The paper tackles the challenge of motion estimation ambiguity in Video Frame Interpolation (VFI) by using Segment Anything Model (SAM) to generate Region-Distinguishable Priors (RDPs) as spatial-varying Gaussian mixtures, which improve feature similarity for matched regions and enhance intermediate frame synthesis, with experiments showing consistent performance gains across scenes.

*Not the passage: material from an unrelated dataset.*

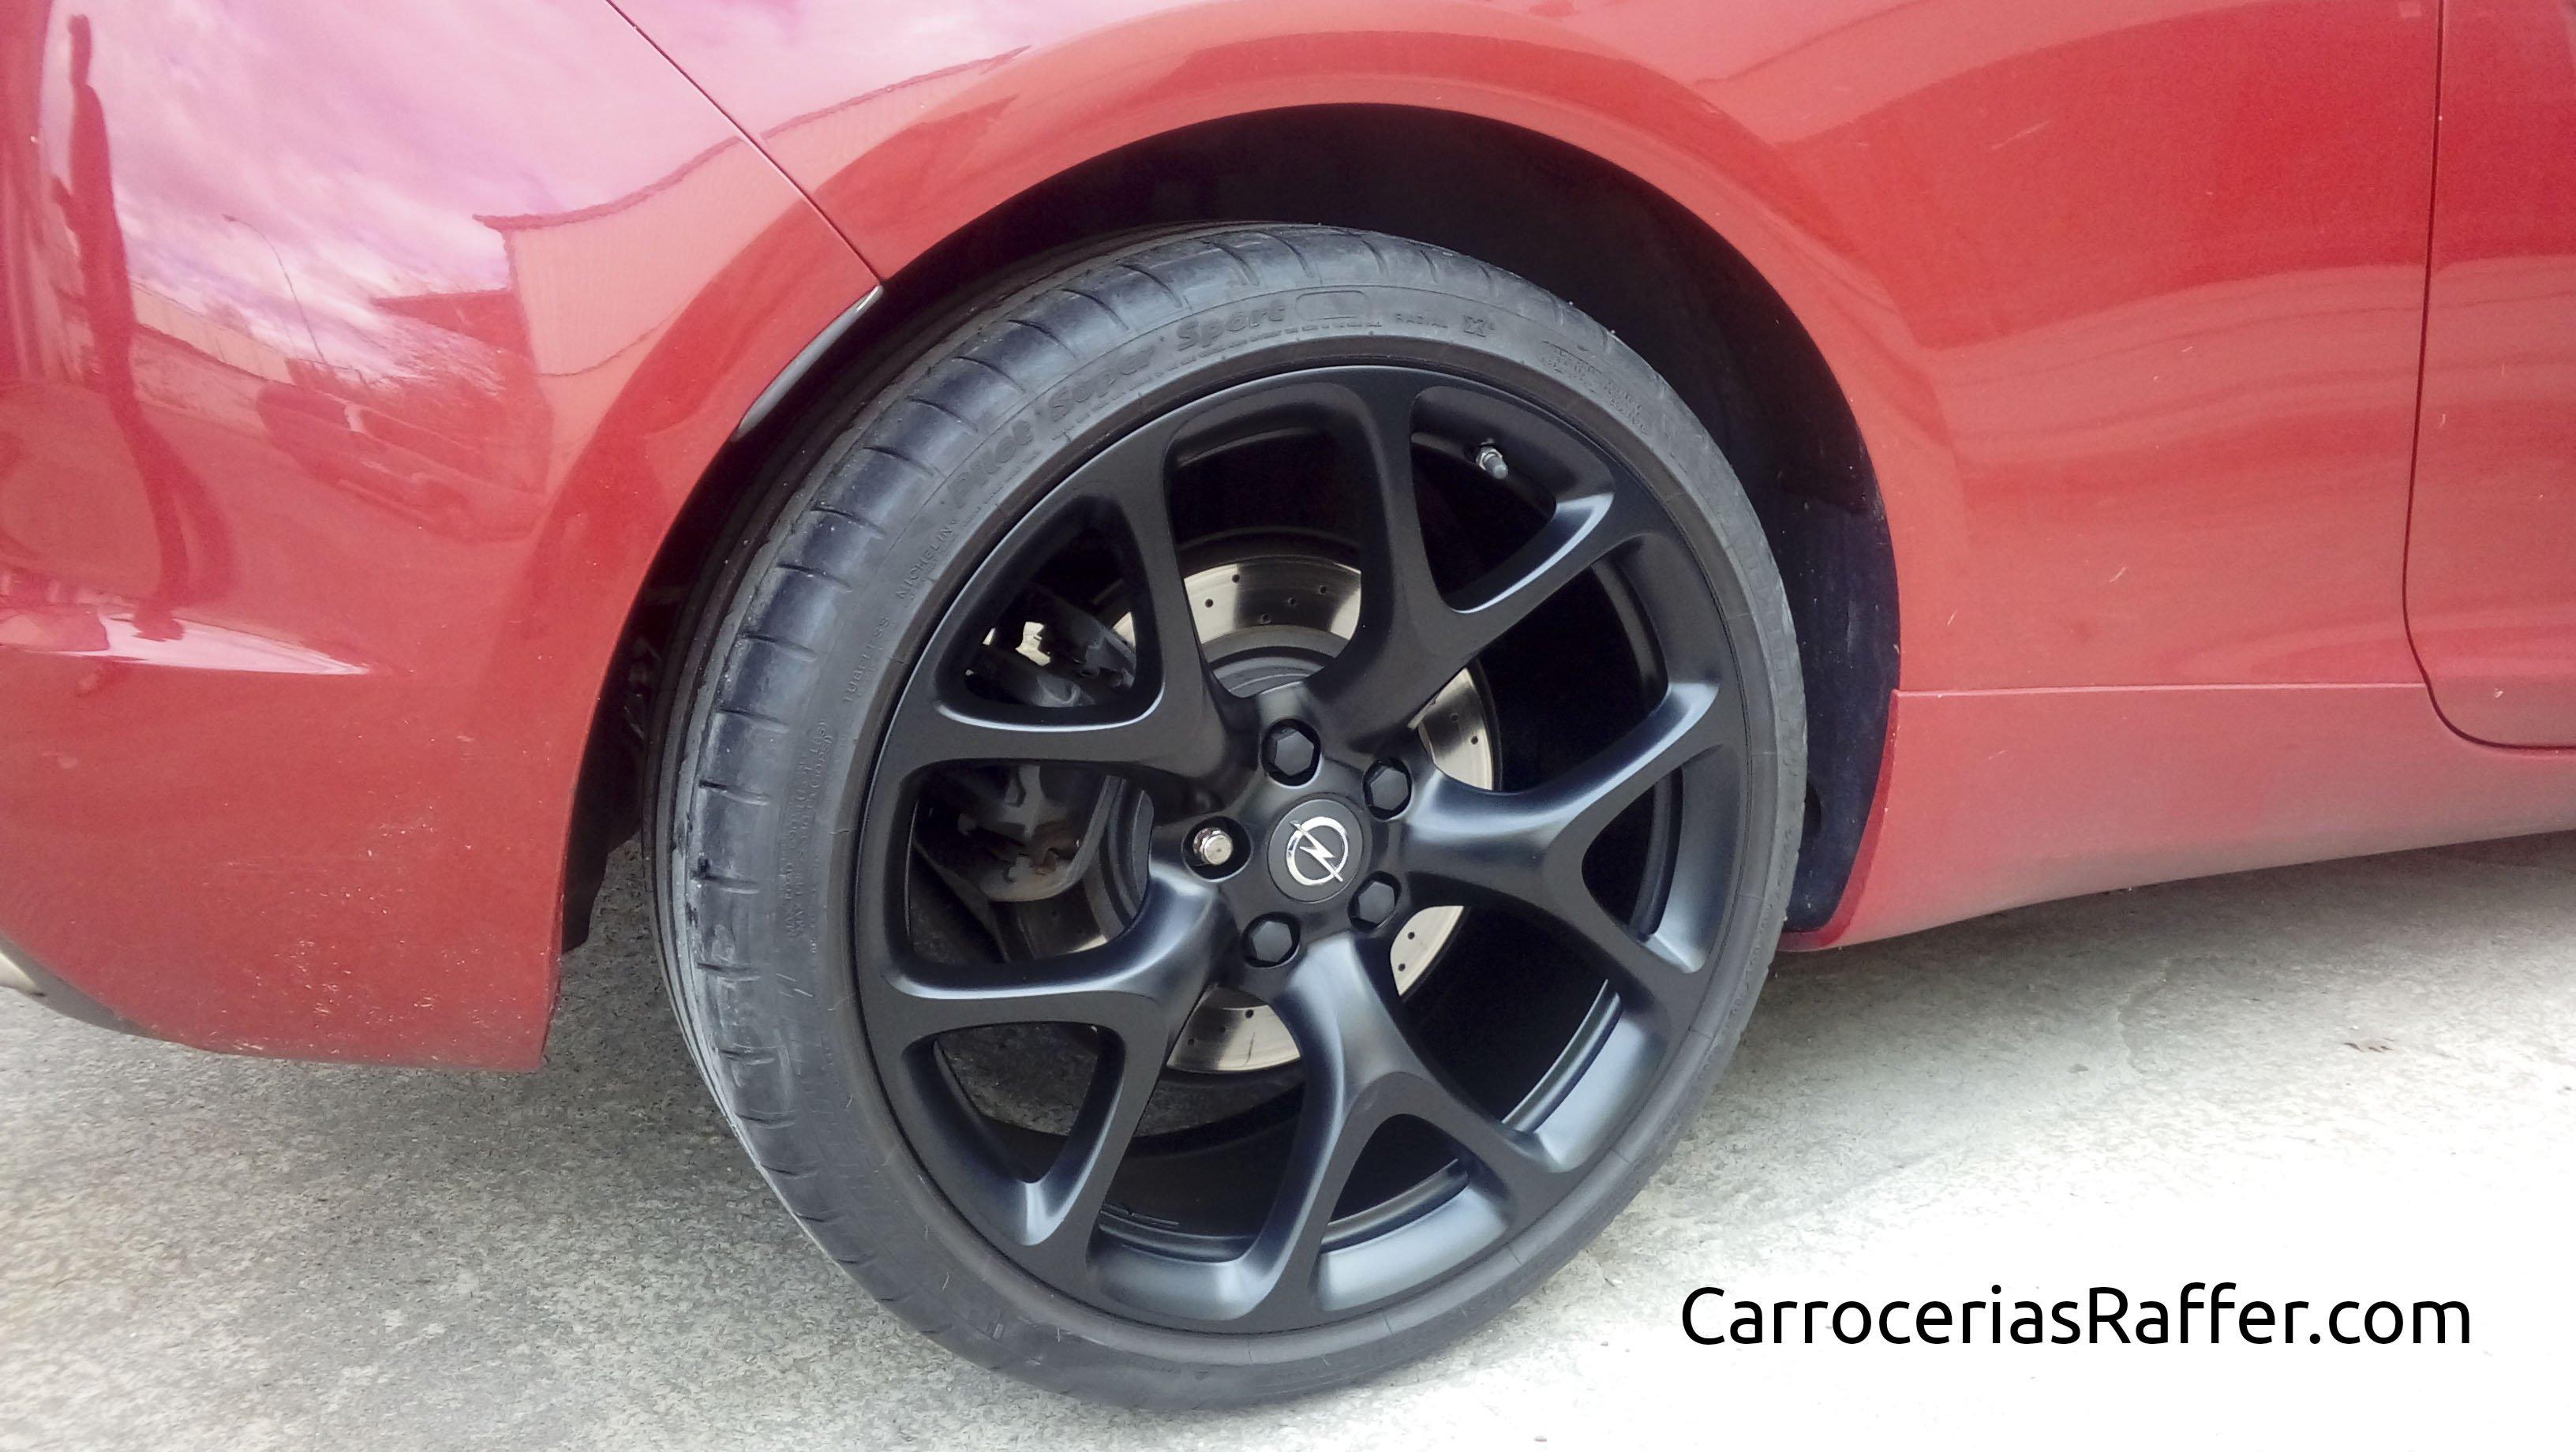 4 pintar ruedas carrocerias raffer hernani gipuzkoa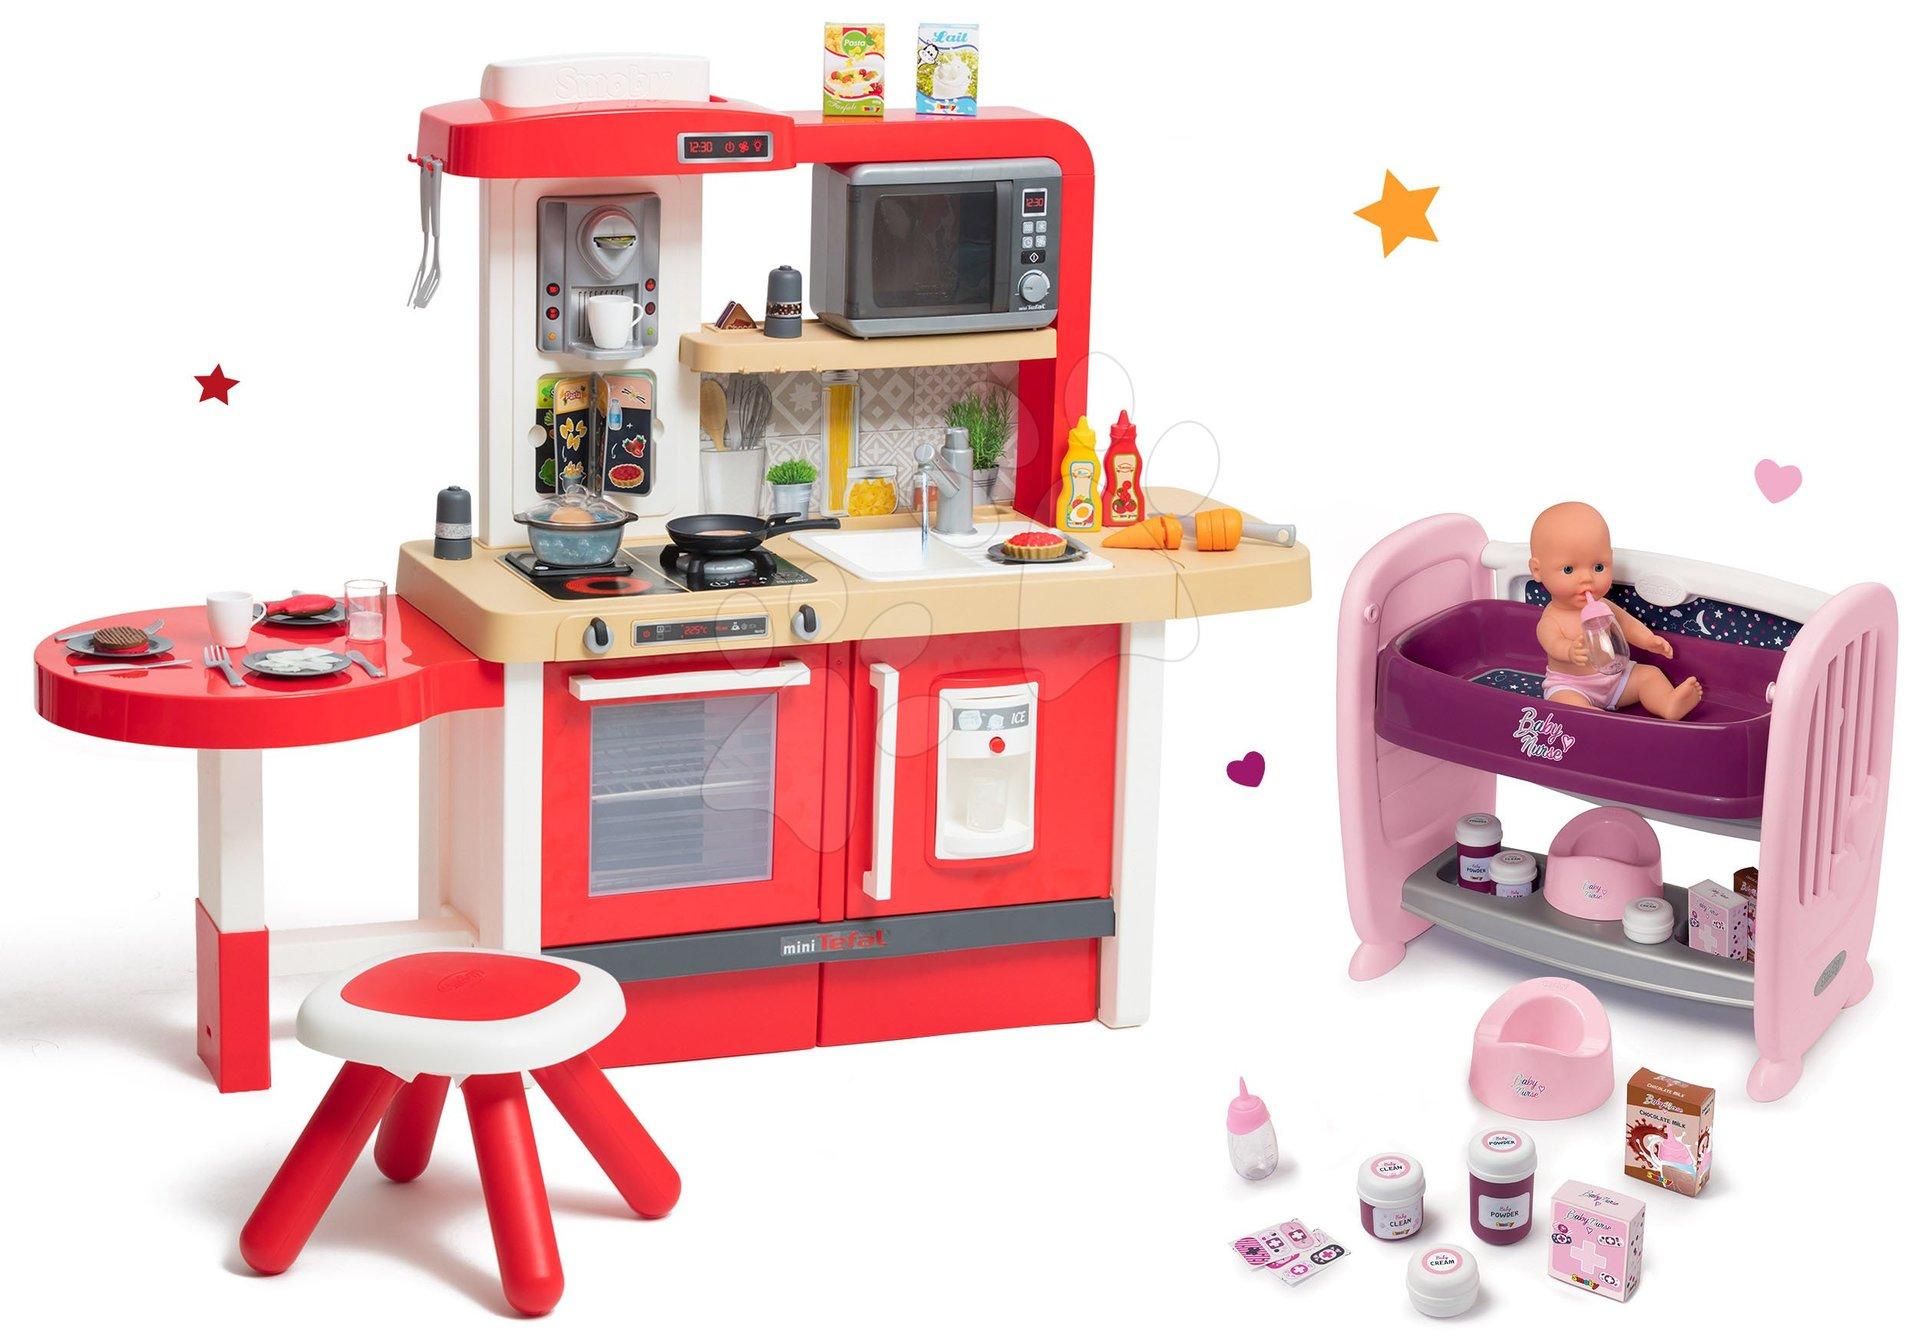 Set kuchynka rastúca s tečúcou vodou a mikrovlnkou Tefal Evolutive Smoby a postieľka k posteli s pultom na prebaľovanie Violette Baby Nurse

In existing Video Frame Interpolation (VFI) approaches, the motion estimation between neighboring frames plays a crucial role. However, the estimation accuracy in existing methods remains a challenge, primarily due to the inherent ambiguity in identifying corresponding areas in adjacent frames for interpolation. Therefore, enhancing accuracy by distinguishing different regions before motion estimation is of utmost importance. In this paper, we introduce a novel solution involving the utilization of open-world segmentation models, e.g., SAM (Segment Anything Model), to derive Region-Distinguishable Priors (RDPs) in different frames. These RDPs are represented as spatial-varying Gaussian mixtures, distinguishing an arbitrary number of areas with a unified modality. RDPs can be integrated into existing motion-based VFI methods to enhance features for motion estimation, facilitated by our designed play-and-plug Hierarchical Region-aware Feature Fusion Module (HRFFM). HRFFM incorporates RDP into various hierarchical stages of VFI's encoder, using RDP-guided Feature Normalization (RDPFN) in a residual learning manner. With HRFFM and RDP, the features within VFI's encoder exhibit similar representations for matched regions in neighboring frames, thus improving the synthesis of intermediate frames. Extensive experiments demonstrate that HRFFM consistently enhances VFI performance across various scenes.